(Recorded data begins)
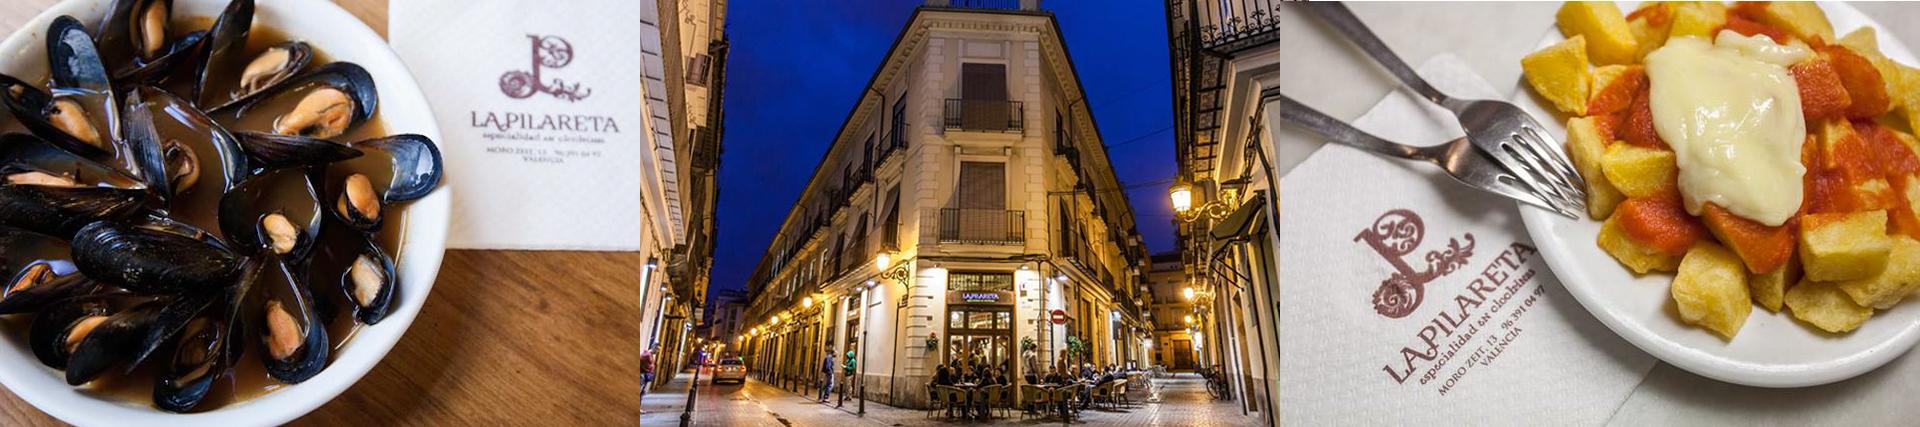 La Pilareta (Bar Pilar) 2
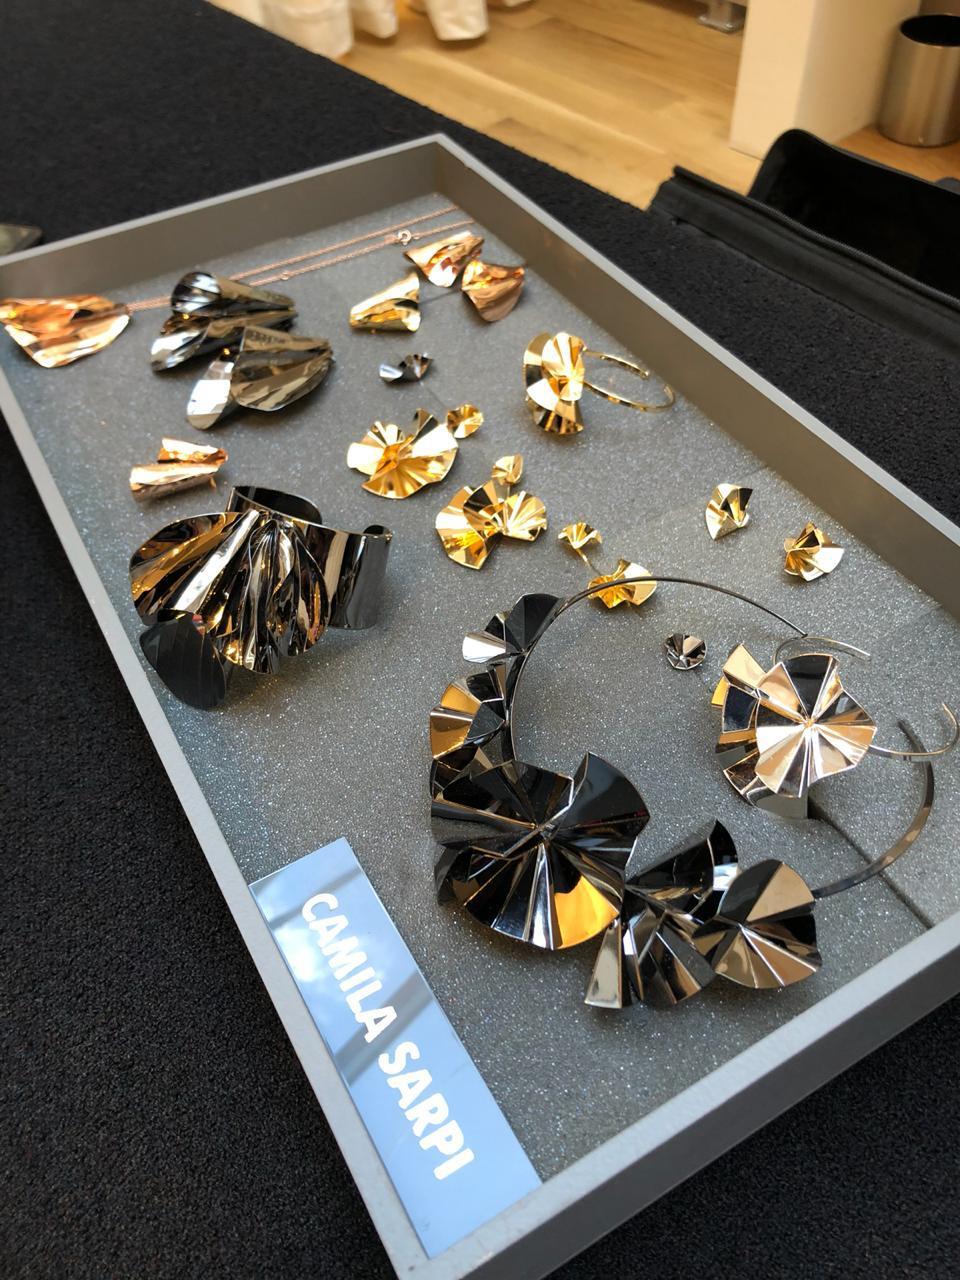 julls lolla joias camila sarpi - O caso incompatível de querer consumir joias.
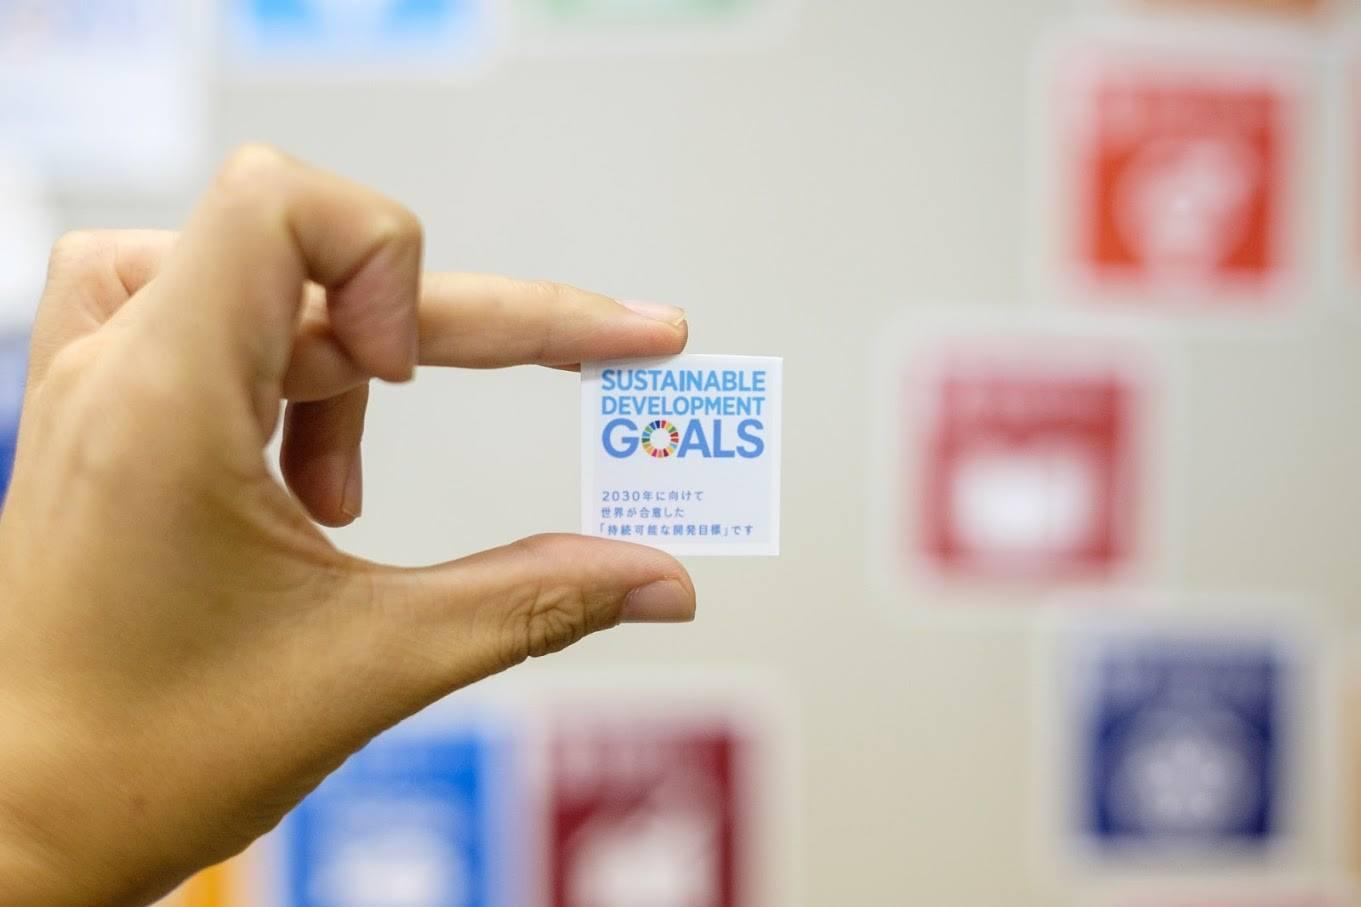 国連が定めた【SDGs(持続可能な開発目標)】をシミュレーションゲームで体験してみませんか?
(Recorded data ends)
(Recorded data begins)
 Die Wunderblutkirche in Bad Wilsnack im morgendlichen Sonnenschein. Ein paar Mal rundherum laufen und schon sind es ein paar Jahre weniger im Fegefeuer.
(Recorded data ends)
(Recorded data begins)
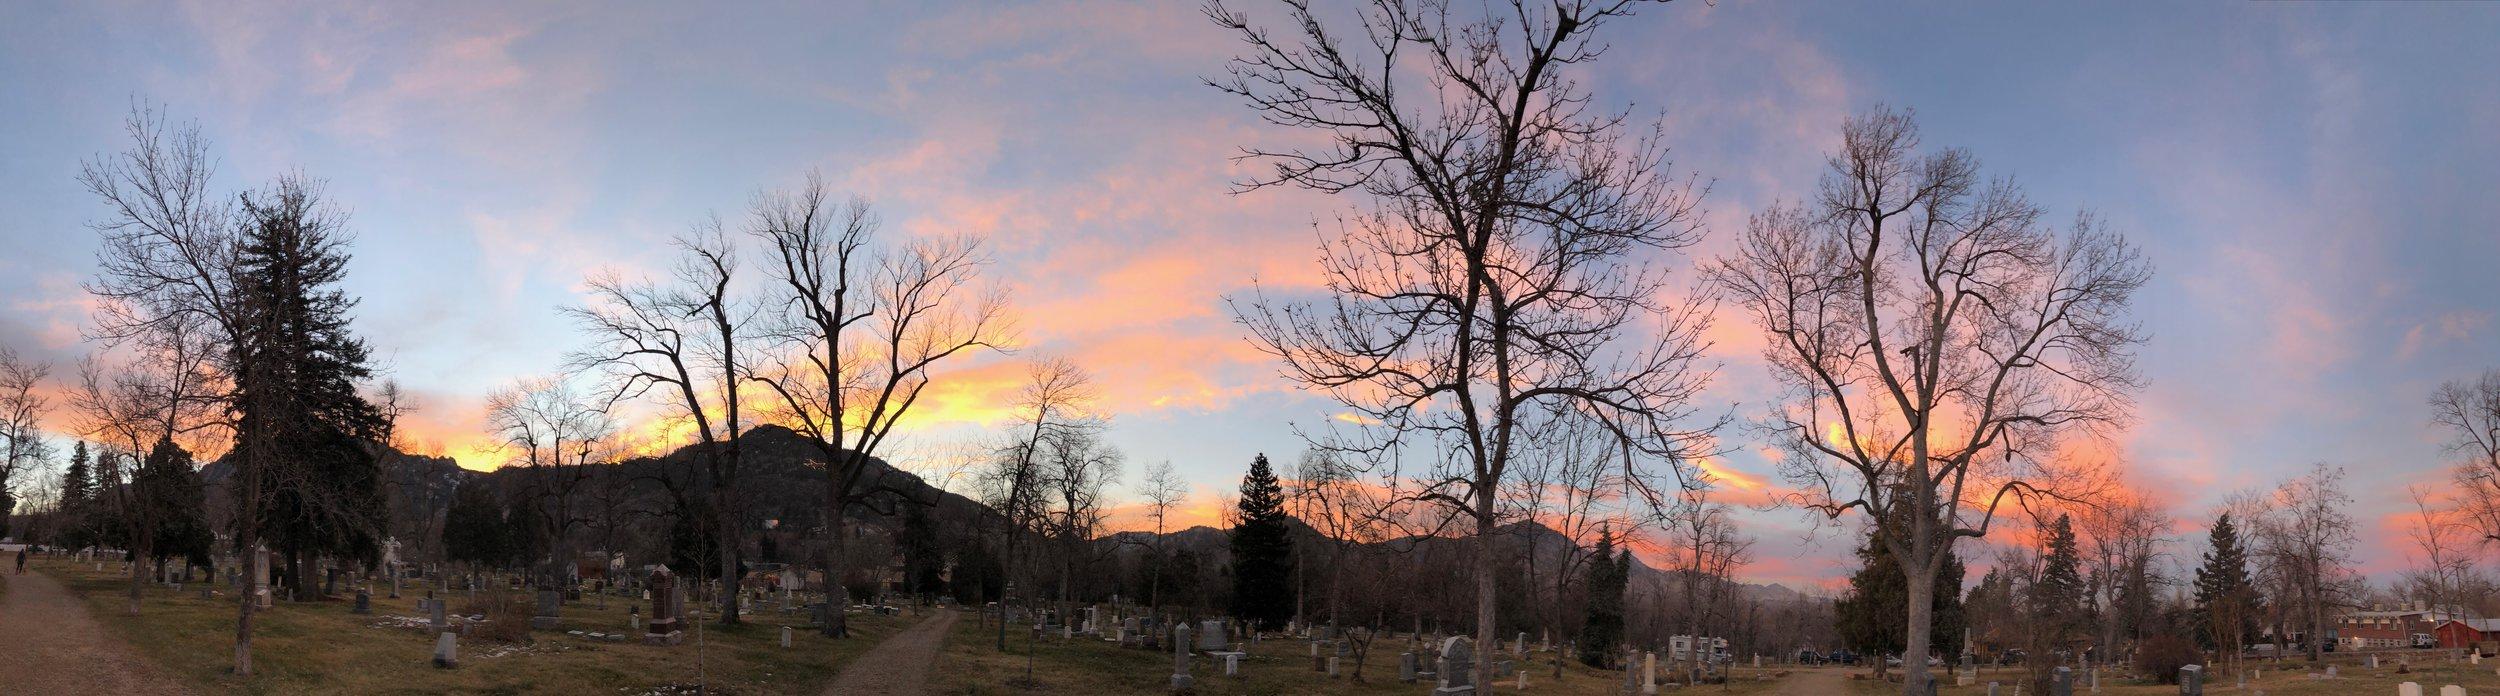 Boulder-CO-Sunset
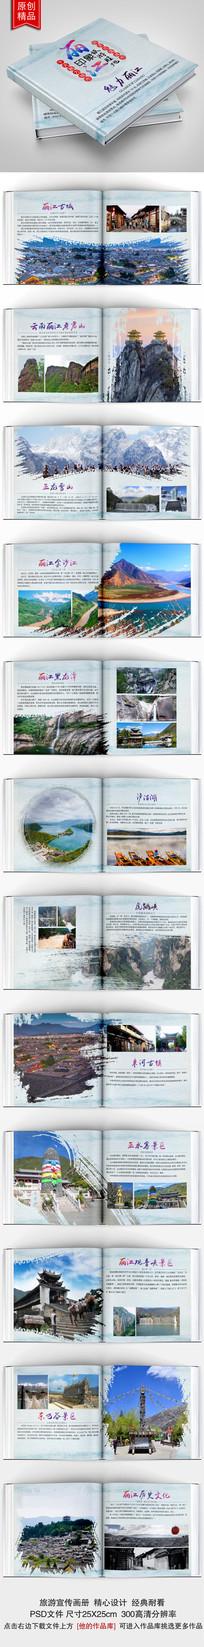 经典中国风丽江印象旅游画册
(Recorded data ends)
- _Activity_
Using the data above, retype exactly the lines from the line with "julls lolla joias" to the line with "国連が定めた【SDGs(持続", inclusive. No pictures and nothing else.

- _Answer space_
 julls lolla joias camila sarpi - O caso incompatível de querer consumir joias.
 国連が定めた【SDGs(持続可能な開発目標)】をシミュレーションゲームで体験してみませんか?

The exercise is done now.